As it turned out, Theo spent at least another half an hour listening to the demo tracks they had recorded for "Feast of Fools," a sort of high-Goth processional that Kris had written, and over which the guitarist fussed like a neurotic chef preparing for an important dinner party. He had more than a few irritating things to say about Theo's vocal, wanting more rasp in it, more of an air of menace, the kind of melodrama that Theo didn't much like.
On their last listen, as Kris bobbed his close-cropped head to his own music, his expression oddly combining pleasure and pain, Theo had a sudden flash of insight: He's going to want to do the vocal on this himself — that's where this is going. And even though I'm a hundred times better, eventually he's going to get his confidence and want to do all the lead vocals himself. And that'll be it for me with this band.
He wasn't certain how he felt about that. On the one hand, much as he admired the young guys' playing and Kris Rolle's musical ideas, it wasn't anything like his ideal band. For a start, he hated the name — The Mighty Clouds of Angst. It was clumsy. Worse, it was a joke name, playing off a famous gospel group, The Mighty Clouds of Joy. Theo believed firmly that joke names equaled joke bands, the Beatles notwithstanding. Plus, it just irritated him. Kris, Morgan, and Dano weren't even old enough to remember The Mighty Clouds of Joy, so why pick that as a name to parody? It smacked a little of white suburban boys making fun of earnest, religious black people, and that made Theo uncomfortable. But if he ever mentioned it, he knew they'd just show him that fishlike stare they had perfected, the all-purpose defense against hopelessly uncool parents and teachers, and he would feel even older than he did.
So when did I wind up on the wrong side of that particular line?
He eased on his ancient leather jacket and bummed another smoke off John for the road — or for home, rather, since it was pretty hard to smoke while wearing a motorcycle helmet. He looked around, feeling like he was leaving something behind.
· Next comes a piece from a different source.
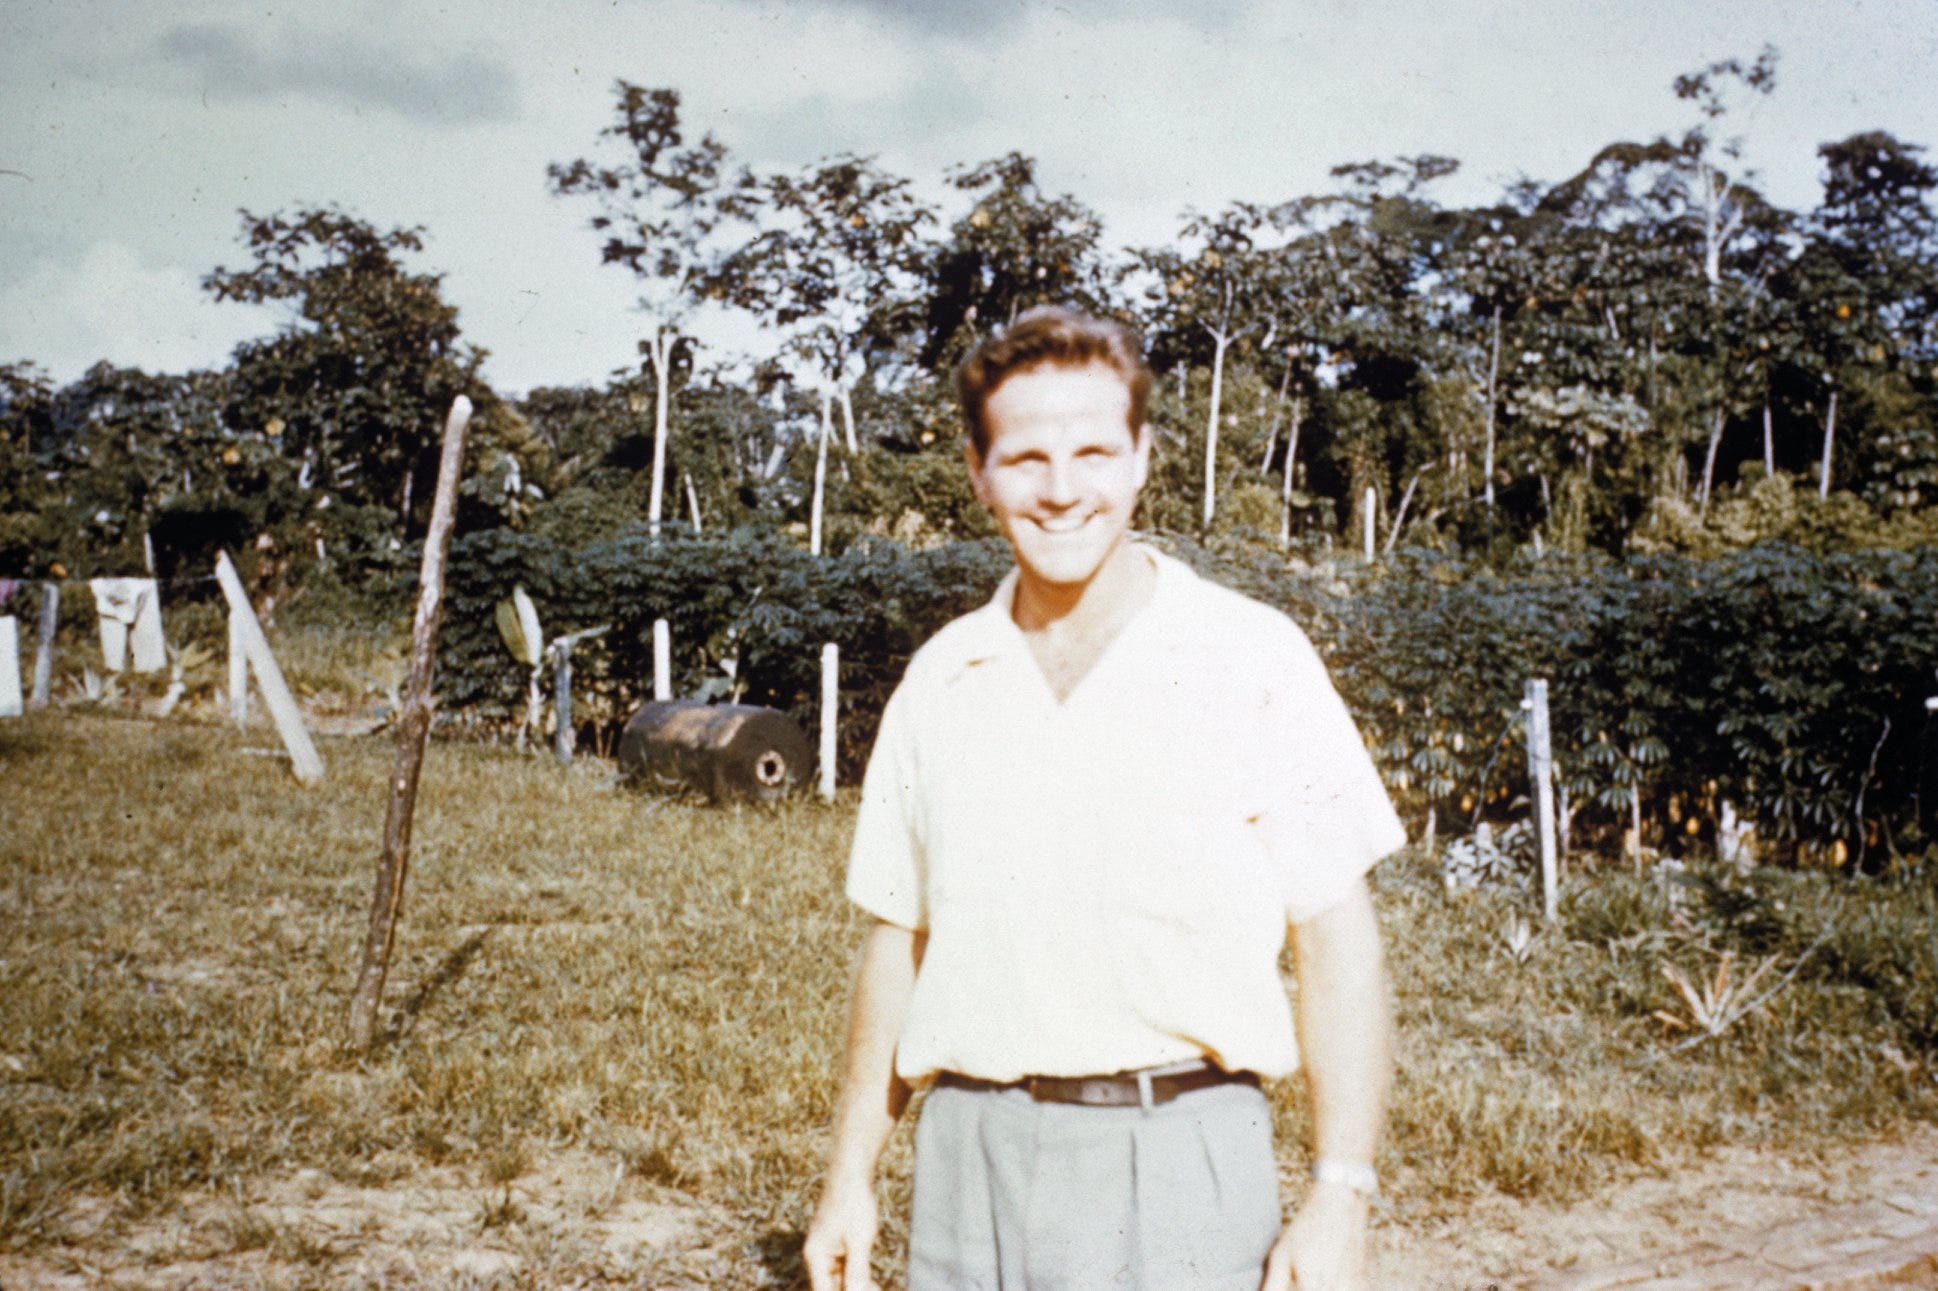 Discovering The Heart Of A Missionary: The Life Of Jim Elliot

Lead singers didn't carry much in the way of equipment. The mikes and PA belonged to Morgan and Kris. Theo could walk away from the Clouds as easily as he was strolling out the door tonight. If he was good at anything, it was leaving when things got too weird.
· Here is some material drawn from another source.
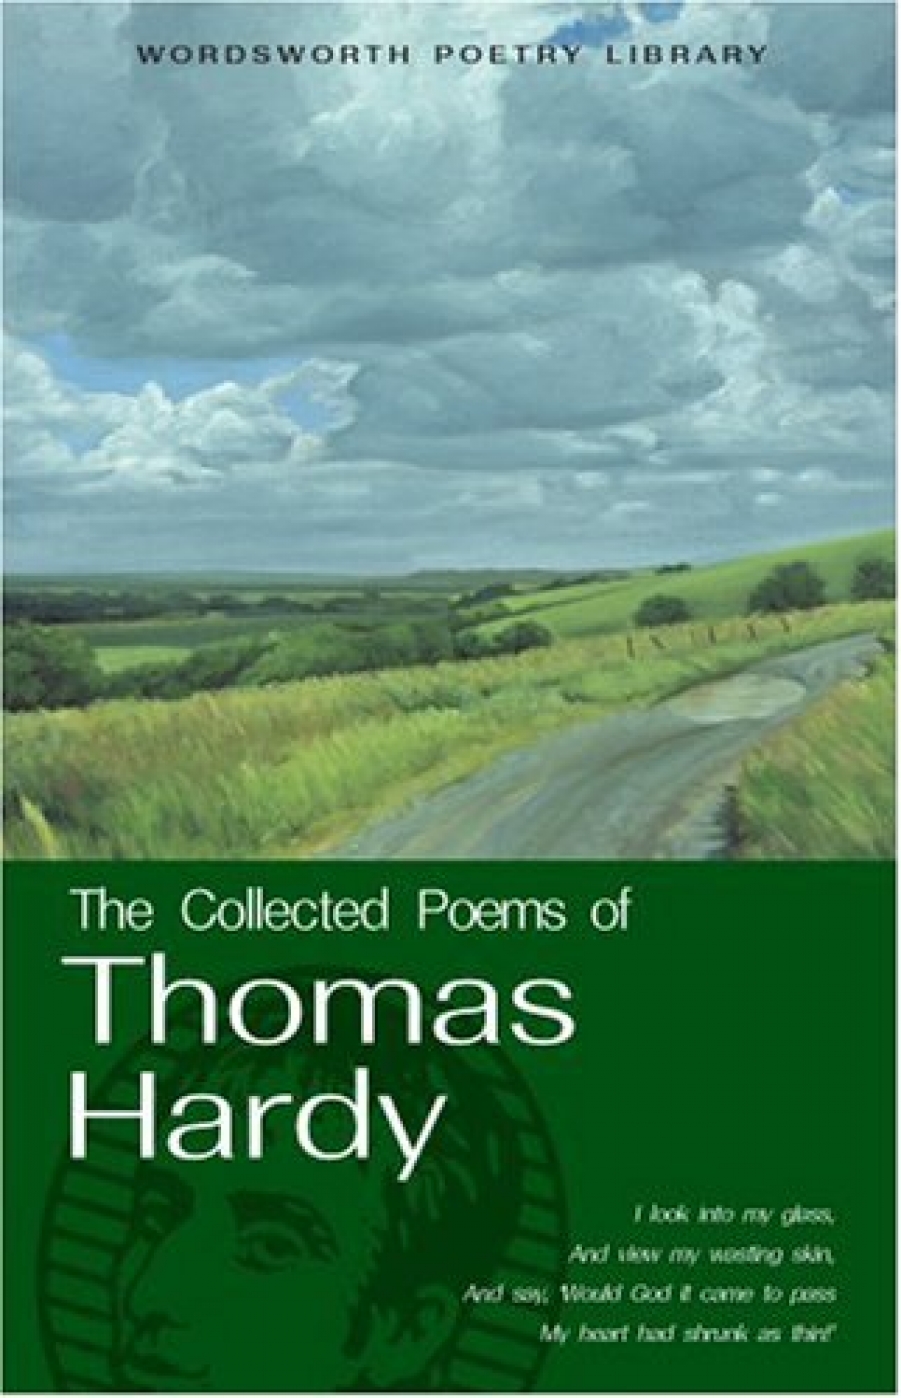 Thomas, Hardy Collected poems

If he did get forced out, would Johnny quit too? Theo wasn't sure how he felt about that. This was the third band he'd played in with Johnny Battistini, following the obligatory should-have-made-it-big disaster in which they'd met and the horrible cover band in which they'd marked time until hooking up with Kris and company. Theo wouldn't mind the downtime of looking for another gig, and God knew Catherine would be happy to have him home some nights, especially with the baby coming, but ol' Johnny B. didn't have a lot else going on in his life. Besides his record store job and the Clouds, in fact, John was pretty much the kind of guy advertisers made fun of but who kept their clients in business — an amiable lump who lived on take-out food, rented porn movies in bunches, and watched wrestling by himself.